A while ago, towards the start of their cohabitation, Ivan had asked this: “Why do you like these so much?”
He looked at the bundle of flowers he’d just coughed up, and could only feel the same detached resignation for what they’d come to represent.
“Dunno,” Luka replied, crawling over to Ivan’s spot on the couch. “Some have said it’s because we can’t love, so we like the taste of it from humans.” He grabbed Ivan’s wrist, then dipped his head down to lick the petals from his palm.
That was the first time Ivan thought of him as a cat. His tongue was gentle, lapping like all of Ivan’s sorrow was rich, warm milk.
Then he’d ruffled Luka’s hair, like he’d pet a cat’s head, and Luka scowled before batting his hand away.
Just like a cat. He’d been soft like one too.
: ̗̀➛
“Ivan.”
The human looks at him, like a fool. Like a human would. He looks Luka in the eye, just like people of old were instructed specifically not to do.
“Sleep.”
Ivan’s head drops to the table, right in the middle of setting it for dinner. There’s two plates. Luka looks down at the scene blankly, then turns and walks away.
He shuts the door of the bathroom behind him, even though Ivan is asleep and no one will walk in on him. It’s a risk he just can’t afford to take.

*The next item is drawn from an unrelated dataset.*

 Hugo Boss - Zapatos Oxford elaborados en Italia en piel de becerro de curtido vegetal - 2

Staring at himself in the mirror, bracing himself before the sink, Luka remarks to himself how wretched he looks.
Your hands are cold. Use these if you’re going to touch me.

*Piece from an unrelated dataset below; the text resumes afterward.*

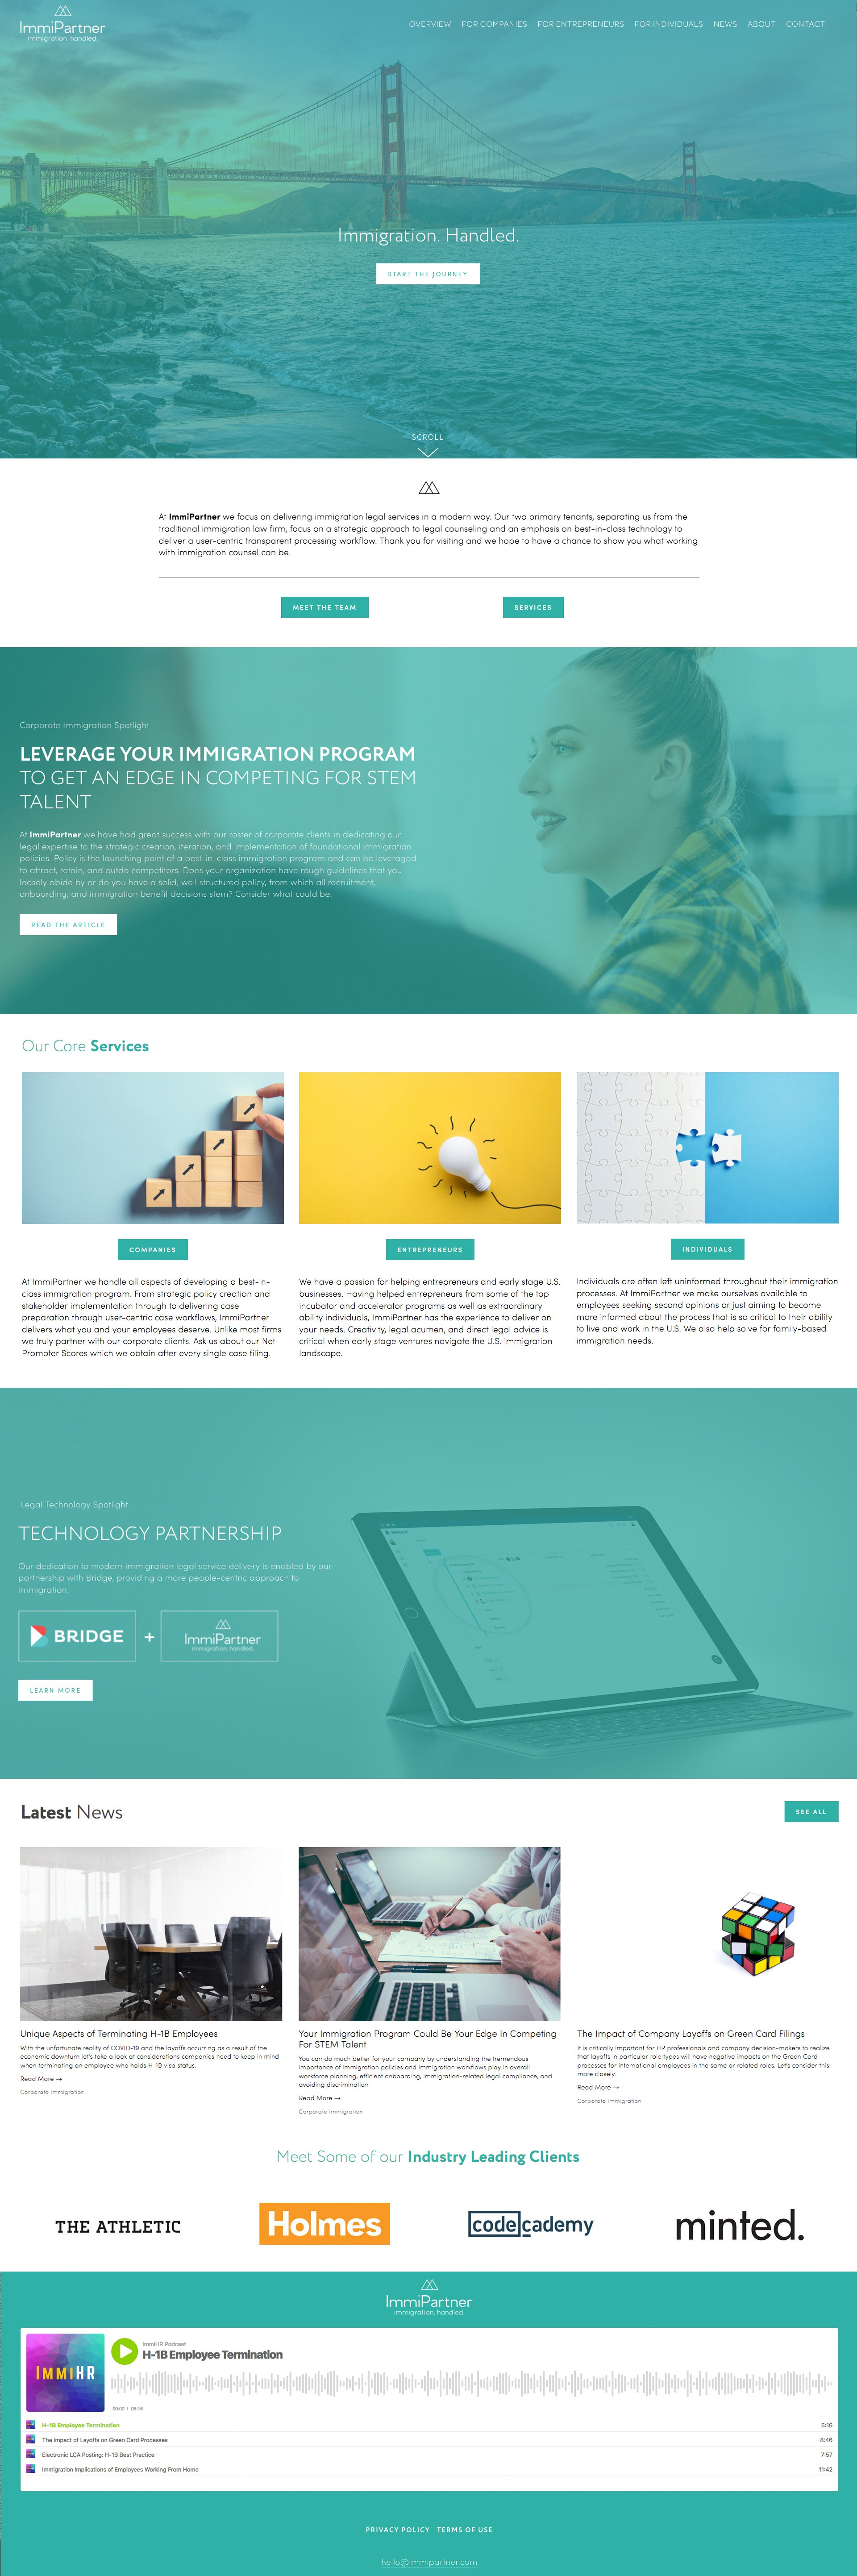 ImmiPartner Website Revamp

And Ivan had produced the hand warmers as if he’d bought them specifically for this, to give to Luka because he runs cold. It doesn’t matter if it had nothing to do with Luka’s well-being; Ivan thought of him and bought something on his way back.
With a face devoid of feeling, Luka sticks his fingers down his own throat, and his body begins to seize. An awful, broken hacking sound rips from his throat, but he keeps his fingers in his mouth until he feels them coming up.
Out from his lungs, Luka starts pulling a slimy, rotted bundle of weeds. It plops sickeningly into the sink, and it’s not until another full minute of coughing fits that Luka thinks he’s gotten it all cleared, for now.
Staring down dispassionately at his feelings piled up in the porcelain sink, Luka wipes his mouth before grabbing what he can of the browning leaves and tossing them in the trash, washing the rest down the drain.
How ugly. They taste disgusting on the way up too.
No wonder it’s said that his kind can’t love. These will never be as beautiful as Ivan’s flowers.
Luka returns, and takes a seat at the table.
“Sit up,” he instructs, and Ivan sits up, his eyes still empty. Like a doll, Luka could make him do anything. He could make Ivan confess his love to his childhood crush, or he could even make him say he wants nothing more to do with Till.
(He could make Ivan love him.)
But it wouldn’t be in a way that would make the weeds go away.
“I hope that boy never loves you,” he says, with none of the sway that makes his words manifest in reality. This is just his selfish wish that he can’t bring himself to force into being.
Ivan doesn’t react, staring at him with nothing reflected in his gaze.
“I’d like to eat from you for a little longer.”
Then, already bored of this Ivan, “Wake up.”
Ivan blinks back into consciousness, and immediately furrows his brows.
“What do you want?”
The last thing Ivan should remember is Luka calling his name.
Smiling, Luka leans forward, elbows propped on the table. “I’m looking forward to the meal.”